Dapr Workflows use event sourcing and replay to maintain state. Instead of saving the entire state of the worker process (stack, variables, etc.), Dapr saves a history of events that have occurred.

The Replay Loop

  1. Work Item Arrival: The Dapr engine sends an OrchestratorWorkItem to the SDK via the GetWorkItems stream. This work item contains the full history of the workflow instance plus any new events (e.g., an activity completion or an external event).
  2. Reconstruction: The SDK starts executing the orchestration function from the very beginning.
  3. Deterministic Execution: As the function executes, it encounters “tasks” (e.g., calling an activity, sleeping).
    • For each task, the SDK checks the provided History to see if that task has already completed.
    • If the task is in the history, the SDK returns the recorded result immediately without actually re-executing the task logic.
    • If the task is NOT in the history, the SDK records that this task needs to be scheduled and suspends execution of the orchestration function (typically by throwing a special exception or returning a pending promise).
  4. Reporting: Once the orchestration function is suspended or completes, the SDK sends a CompleteOrchestratorTask request to Dapr. This request contains a list of Actions (e.g., ScheduleTask, CreateTimer) that the engine should perform.
  5. State Commitment: The Dapr engine receives the actions, updates the workflow history in the state store, and schedules any requested tasks (e.g., by sending work to an activity worker).

Step-by-Step Example

Imagine a workflow: Activity A -> Activity B.

1. Workflow Start

  • Engine: Enqueues ExecutionStarted event.
  • SDK: Receives OrchestratorWorkItem with [ExecutionStarted].
  • SDK: Runs function. Function calls Activity A.
  • SDK: Checks history. Activity A is not there.
  • SDK: Suspends.
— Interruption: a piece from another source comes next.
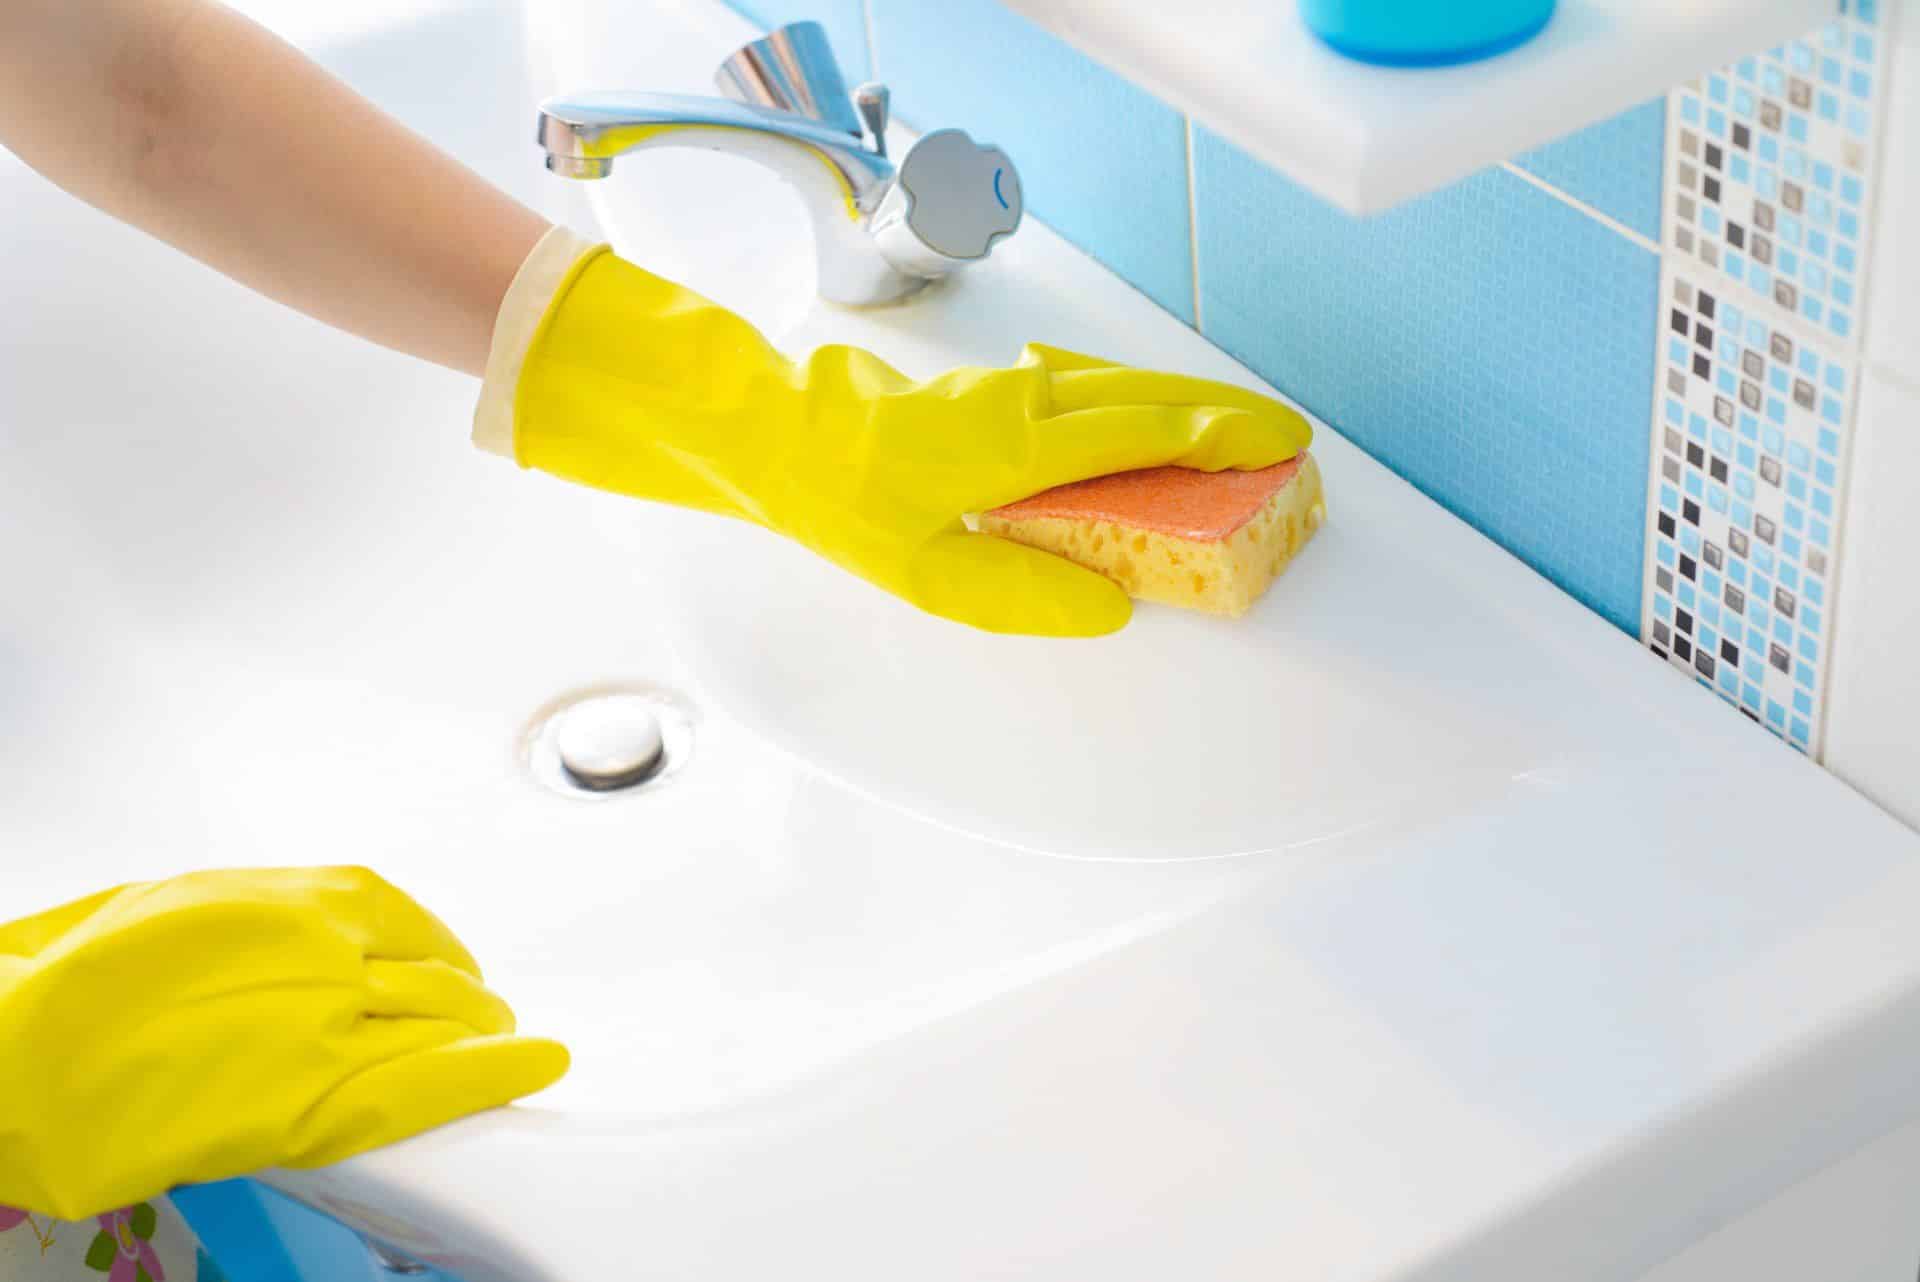 person cleaning bathroom sink with bleach and sponge while wearing yellow gloves

Sends CompleteOrchestratorTask with [ScheduleTask(Activity A)].
  • Engine: Records TaskScheduled(Activity A) in history.

2. Activity A Completes

  • Engine: Records TaskCompleted(Activity A, result="foo") in history.
  • SDK: Receives OrchestratorWorkItem with [ExecutionStarted, TaskScheduled(A), TaskCompleted(A)].
  • SDK: Runs function from the start.
  • SDK: Function calls Activity A. SDK finds TaskCompleted(A) in history. Returns "foo".
  • SDK: Function calls Activity B.
  • SDK: Checks history. Activity B is not there.
  • SDK: Suspends. Sends CompleteOrchestratorTask with [ScheduleTask(Activity B)].
  • Engine: Records TaskScheduled(Activity B).

3. Workflow Completion

  • Activity B completes.
  • SDK: Receives history with both A and B completed.
  • SDK: Runs function. Both A and B return results from history.
  • SDK: Function finishes and returns a final result.
  • SDK: Sends CompleteOrchestratorTask with [CompleteOrchestration(result="final")].
  • Engine: Records OrchestrationCompleted and marks the instance as COMPLETED.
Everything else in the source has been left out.